For recent generations Venice has been maintained as an image by a kind of conspiracy between its picturesque scenery and an almost infinite commercial viability as a tourist attraction. Venice was a compulsory destination for the Grand Tour undertaken by European artists, aristocrats and the upwardly mobile from the 17th to the 19th century—a tradition that was recalibrated at the turn of the twentieth century by the advent of the Venice Biennale and has been reinvigorated by the spectacular rise of the global art market after the 1980s. Participating artists and opening week VIPs and art world insiders are still, perhaps more than ever, seduced by the allure of the city. There is something absurd and irrational in the staging of this unending seduction and its dream of conjoining culture, politics and commercialism under the camouflage of international finance. As Susan Strange noted in 1986, the integration of worldwide finance gave rise to an economic order predicated on risk and gambling: “Casino Capitalism.” An international art event such as the Venice Biennale has both causal and symptomatic relations to the imperialism of this order. My work in the 2017 Korean Pavilion suggests that Casino Capitalism signals the death of art, but also presages a new kind of hope for its resurrection, in the era of speculation and excess.

Cody Choi
March 2017

CODY CHOI
B.1961, SEOUL

    Born and raised in Korea, Cody Choi moved to the United States in the early 1980s.
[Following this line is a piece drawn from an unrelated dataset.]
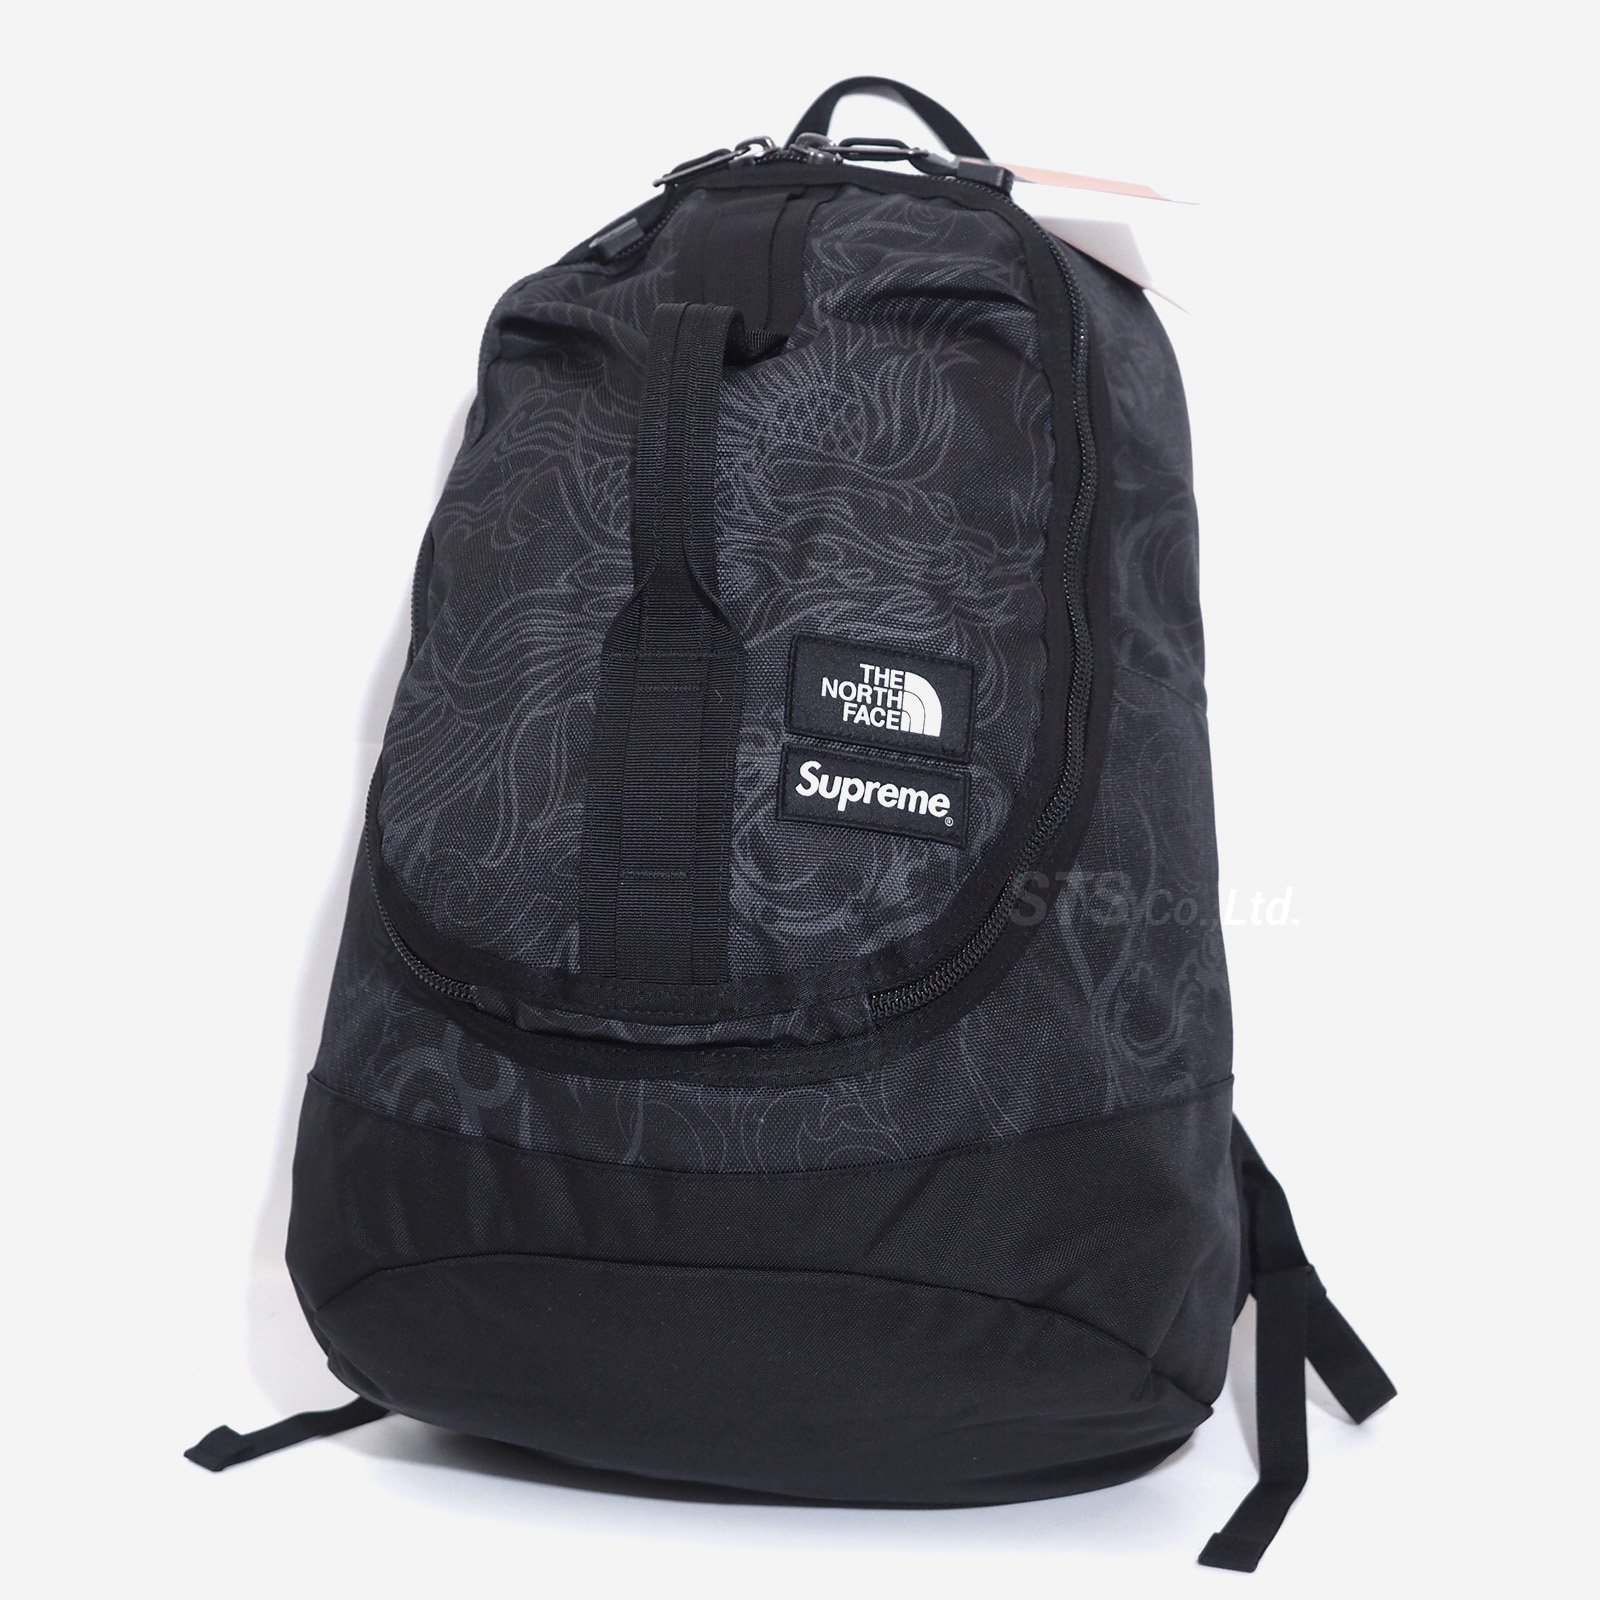 supremeSupreme / TNF Steep Tech Backpack

After attending Art Center College of Design in Pasadena, California, he relocated to New York in the late 1980s and spent much of the 90s there developing his practice. His breakthrough work with energy boxes, which culminated in the 1996 exhibition The Thinker at Deitch Projects in New York, proposed a new paradigm organized around “cultural indigestion.” The exhibition also emblematized his innovative use of the pink stomach medicine, Pepto-Bismol. Cody Choi returned to Seoul in the early 2000s and has been living and working in Korea since. Choi’s work in sculpture, painting, drawing and installation offers one of the most profound investigations of dislocation, social and personal identities in today’s neoliberal, global economy. His traveling exhibition is currently touring Europe, making stops at Kunsthalle Düsseldorft (2015), Musée d’Art Contemporain, Marseille [mac] (2016) and Kunstsammungen Chemnitz (2017).